"People need on an individual basis to continuously reduce their personal levels of debt."
- Julie Murphy Casserly, president of JMC Wealth Management in Chicago
On Tuesday the yield on one month Treasury bills hit the highest since late last year, trading around 0.16%, almost 14 basis points higher from a week earlier, another sign investors are getting increasingly concerned about the prospects of the U.S. government default. Obama administration already said a default would be "catastrophic" and could drag the world's largest economy into a crippling depression. Some analysts already suggested consequences for ordinary Americans would mean a drop in stocks, a likely interruption of government payments, like Social Security or Medicare reimbursements, while bonds will suffer significant losses and investors could lose the substantial part of their investment.
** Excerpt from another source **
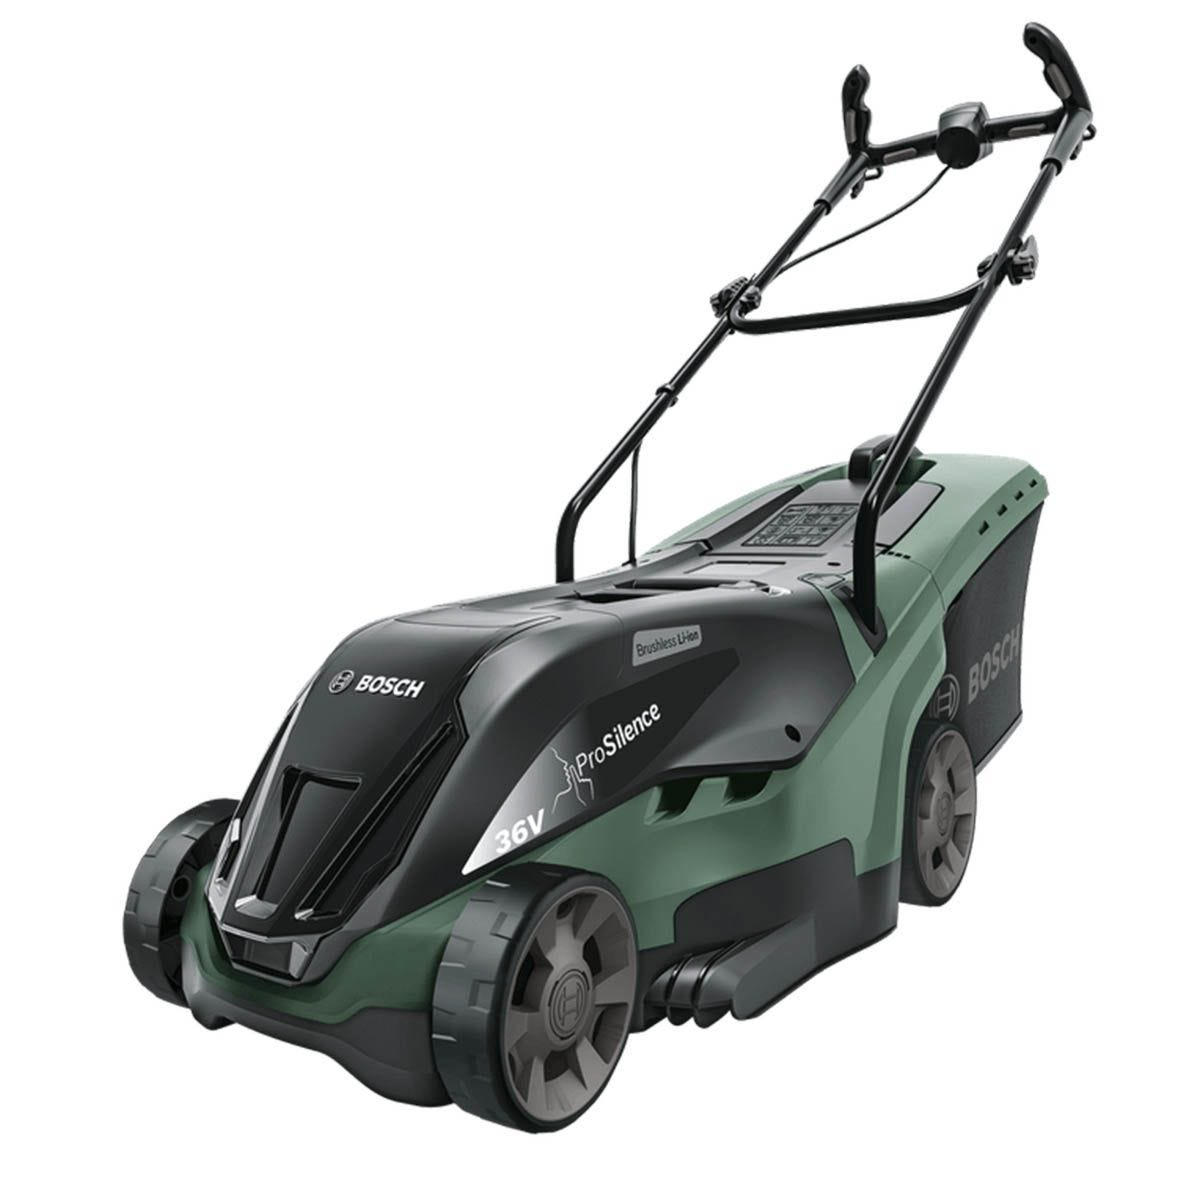 Bosch UniversalRotak 36-550 Cordless Lawnmower (1x 4.0Ah)

According to Deutsche Bank projections, in case a convincing sing of an imminent deal do not emerge by Friday, the S&P 500 will plunge to 1650. In case the United States misses an interest payment, the index will crash to 850.
Meanwhile, analysts already are trying to calm down markets by mentioning crucial things to remember in case of a default. In the wake of a potential default, investors have to hold adequate cash levels, stay calm, rebalance their portfolio, turn to a global investment perspective and buy downside portfolio protection. Despite gloomy prospects, the reality is likely to be less extreme though still highly devastating.